A fines del s. XIII los Begardos y las Beguinas (v. Begardo), sectas de Espirituales, predicaban que el hombre con sus fuerzas puede alcanzar la bienaventuranza, aun en esta vida, sin ningún socorro divino. El Conc. de Viena (1311-12) condena, entre otros errores que se les atribuyen, el siguiente: «el alma no tiene necesidad de la luz de la gloria que la eleve hasta ver a Dios y gozar felizmente de Él» (DB, 475). El Magisterio eclesiástico declara con estas palabras la existencia de la luz de la gloria, sin entrar en la cuestión de su esencia.
Basados en estos datos, los Teólogos han desarrollado toda una doctrina en torno a la luz de la gloria: todos convienen, especialmente después del Conc. de Viena, en admitir la existencia, pero no todos están de acuerdo en determinar su naturaleza.

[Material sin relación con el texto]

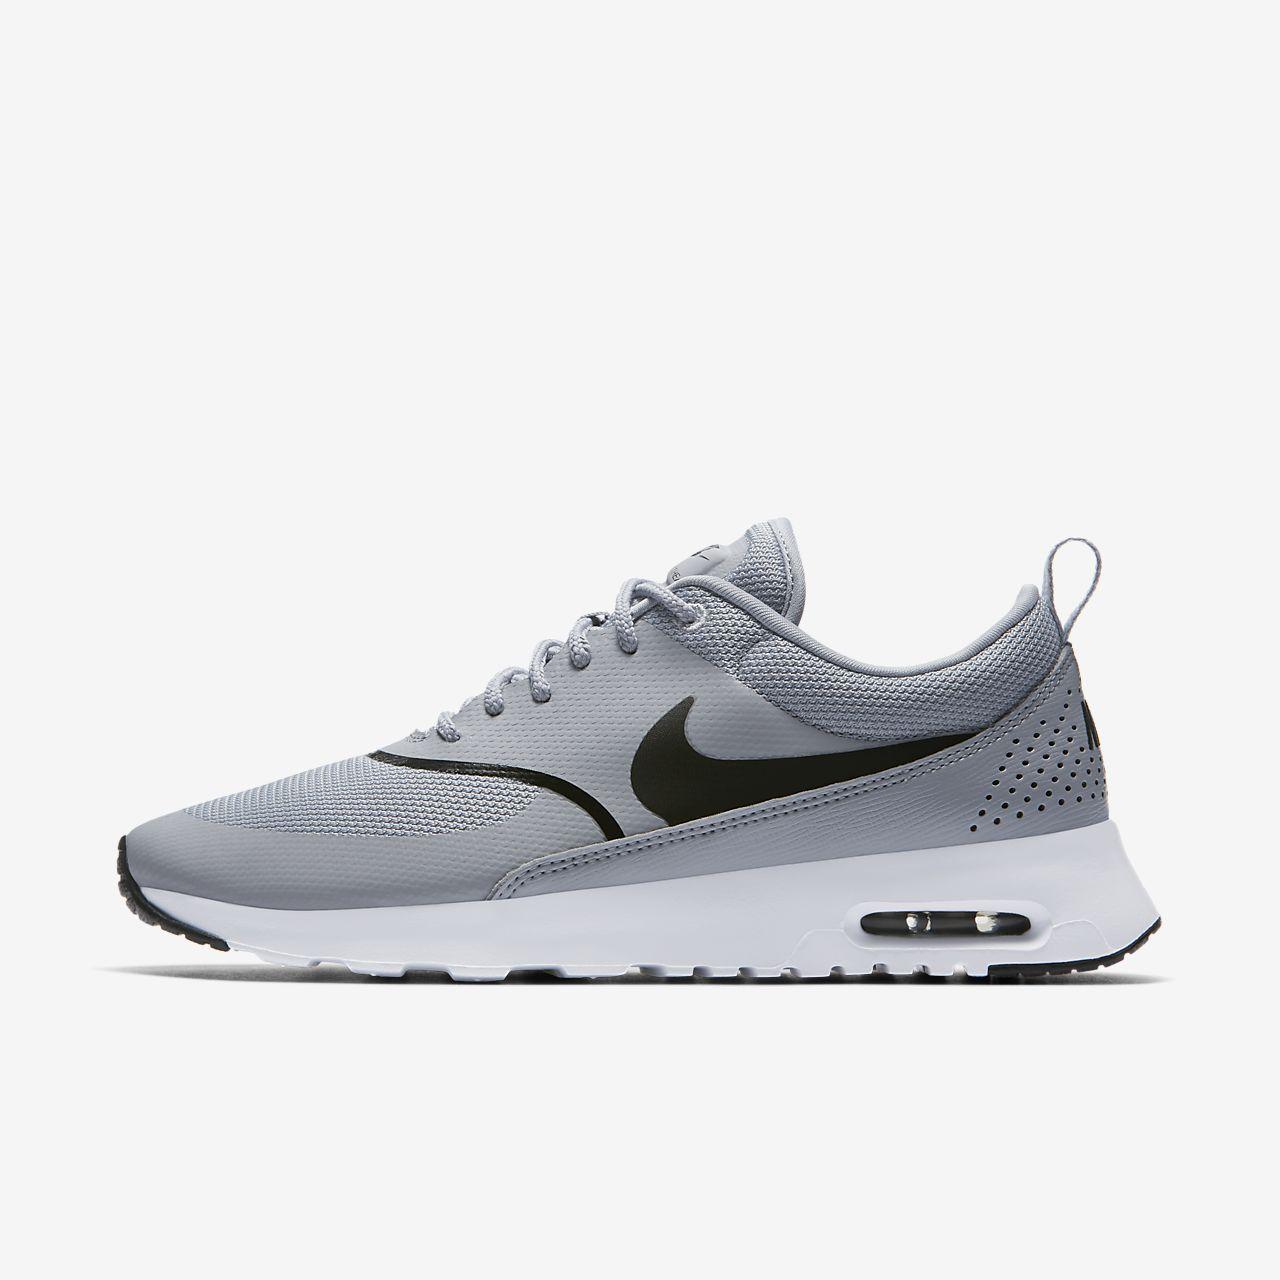 best service 06884 01777 ... Calzado para mujer Nike Air Max Thea
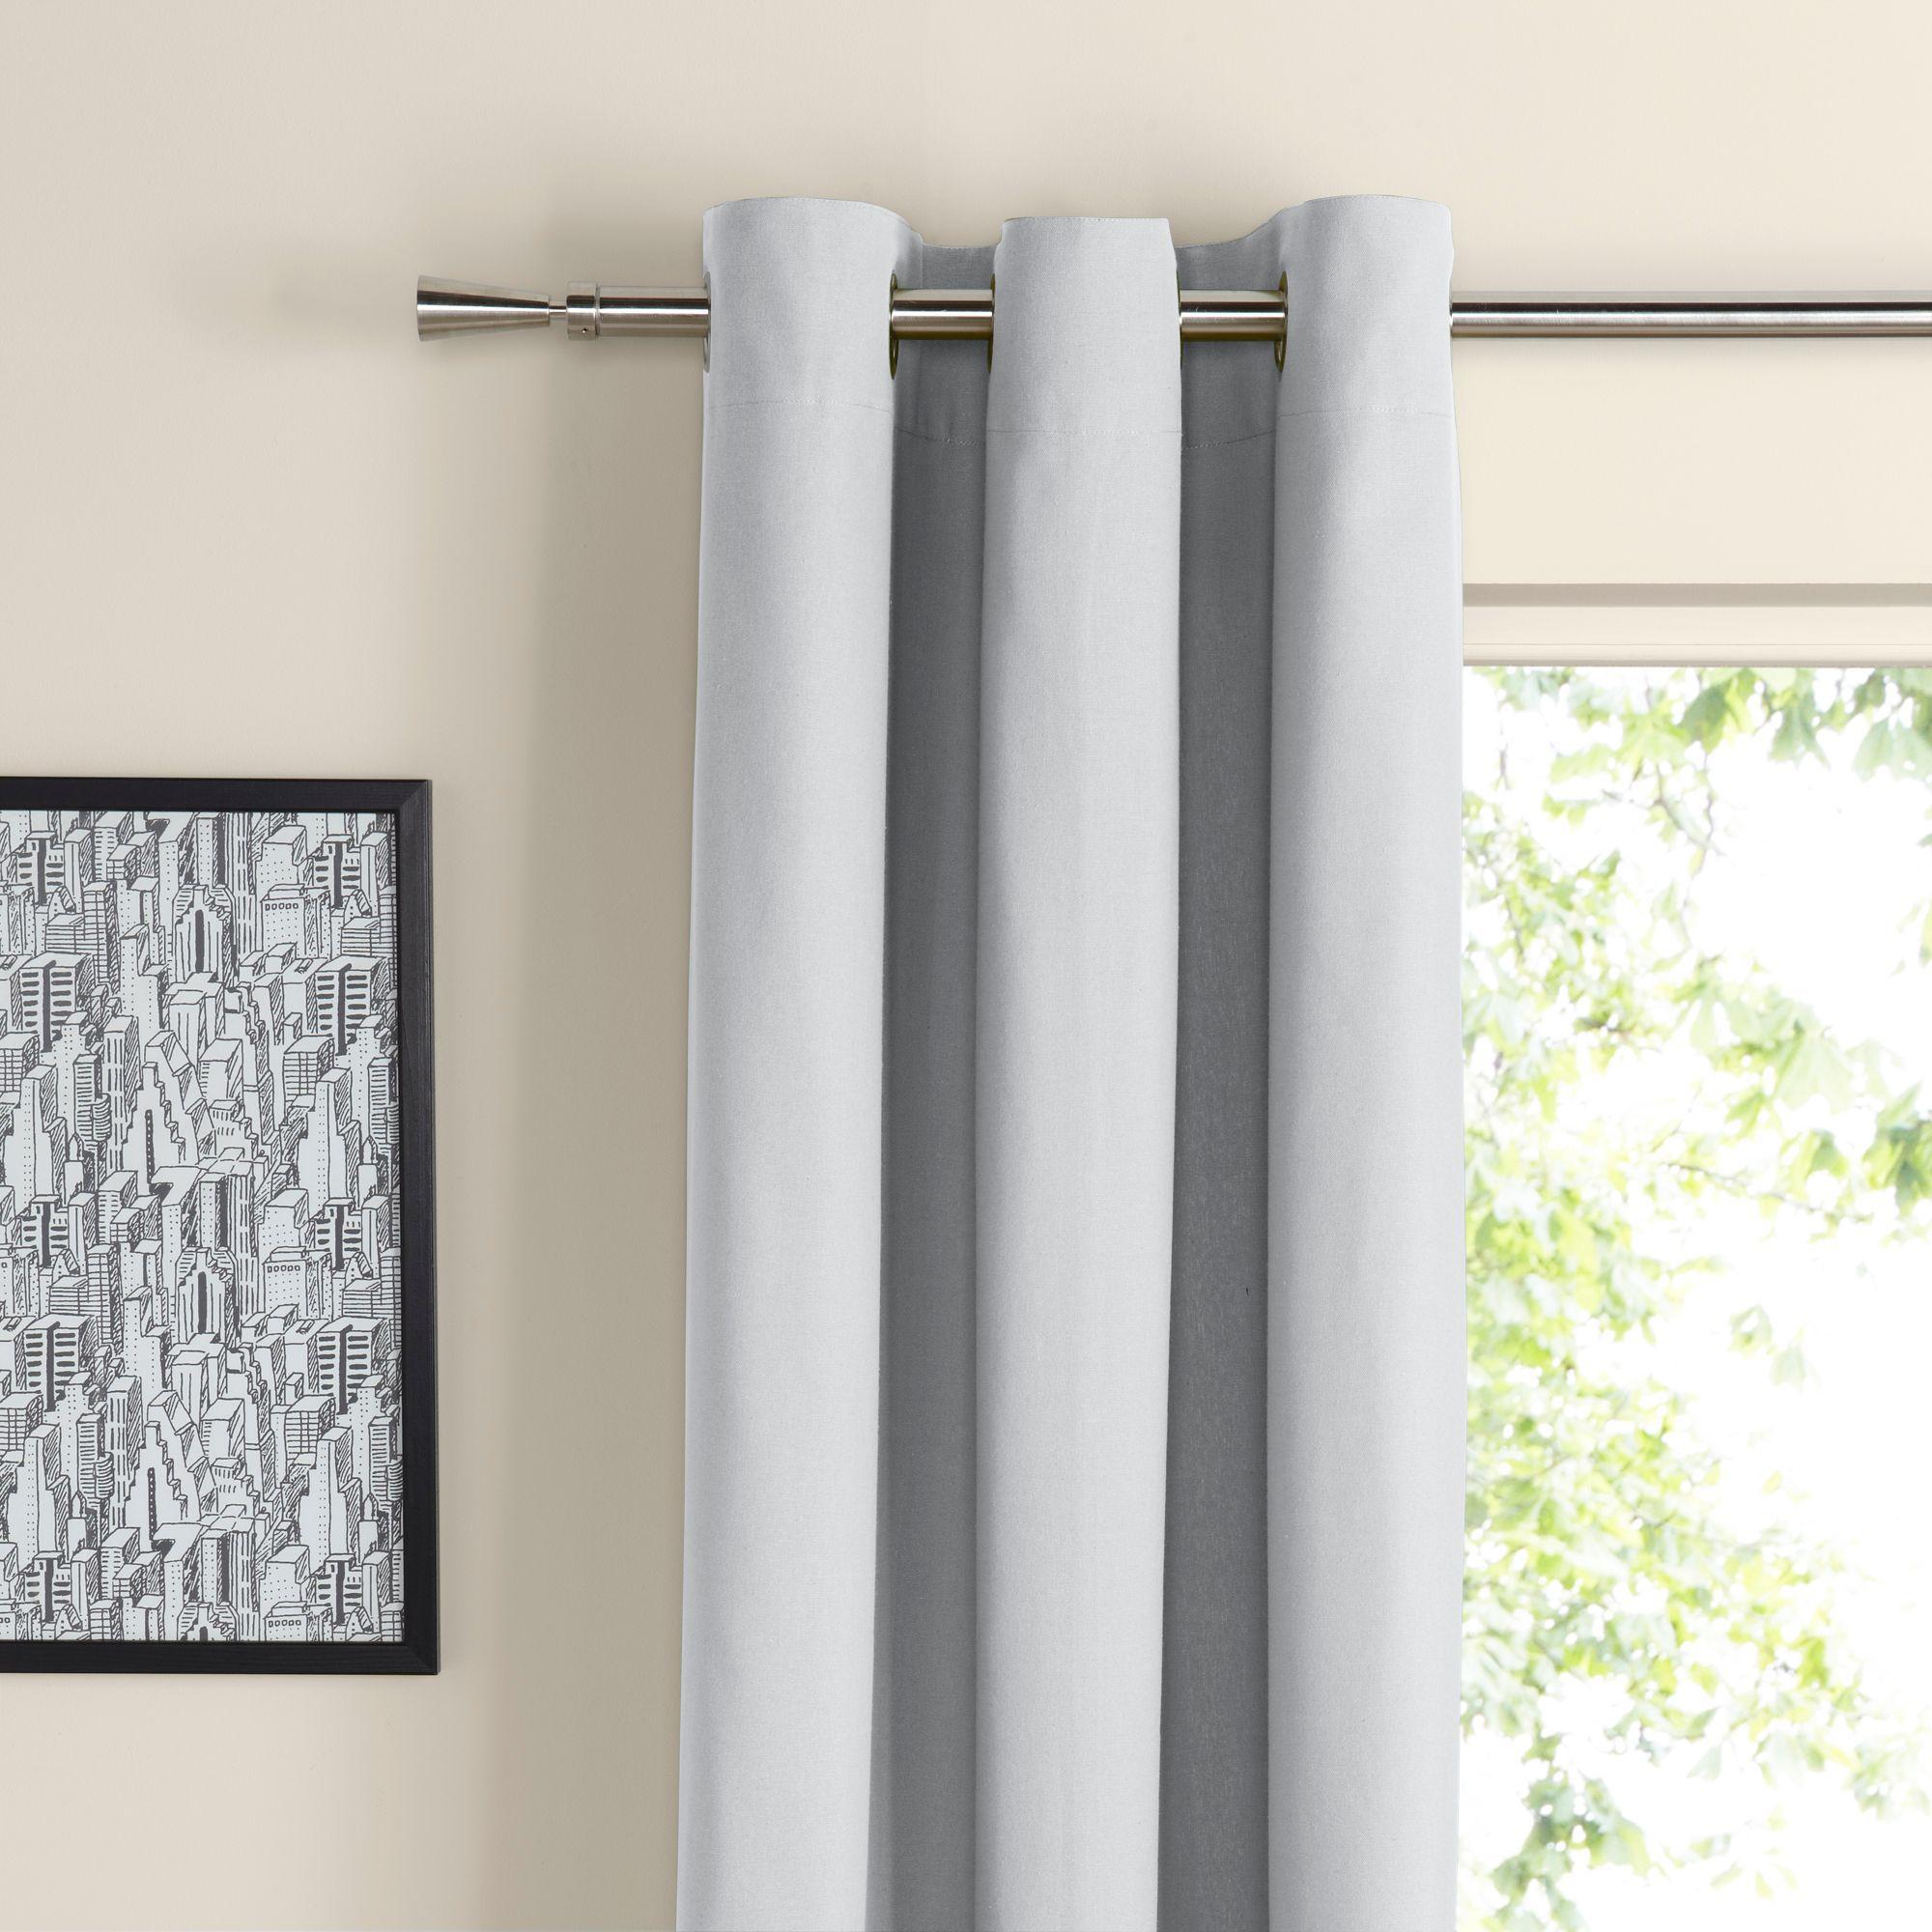 Zen Ecru Plain Eyelet Curtains (W)167 cm (L)183 cm | Departments | DIY at B&Q

Algunos, inspirándose en el Nominalismo, hablan de la visión beatífica como una cosa increada que se actúa por virtud de Dios en el alma bienaventurada, la cual permanece simplemente pasiva: por esto la luz de la gloria sería el mismo Dios en cuanto ilumina. Esta teoría es antipsicológica, por no tener en cuenta que el conocimiento lo mismo en el orden natural que en el sobrenatural es un acto vital y por lo tanto debe brotar de las potencias del alma y quedar en ella como propio.
Santo Tomás, en armonía con el análisis de la visión beatífica y los principios de la psicología humana, enseña que el entendimiento creado, no siendo proporcionado a la intuición inmediata de la esencia divina, debe ser dispuesto y preparado a ella con una energía inherente y permanente. En un lenguaje más claro reduce la luz de la gloria a una cualidad habitual (semejante a una virtud), infusa por Dios en el entendimiento de los bienaventurados, para elevarlo operativamente a la visión inmediata de la esencia divina. Esta cualidad infusa forma un solo principio operativo con el entendimiento, de manera que el acto vital de la visión beatífica procede totalmente del uno y del otro bajo diverso aspecto. Esta doctrina es común en la actualidad. La luz de la gloria (= id sub quo) no suprime la inmediación de la Visión, y es más o menos intenso según el grado de gracia santificante en que se encuentra el alma a la hora de la muerte.
Bibliografía
Sto. Tomás, , I, q. 12, a. 5;
, III, cc. 53-54;
J. B. Terrien, , Madrid, 1943;
A. Chollet, , Paris, 1900, c. 6;
A. Piolanti, , 1950, p. 92 ss.;
S. M. Ramírez, , Madrid, 1942.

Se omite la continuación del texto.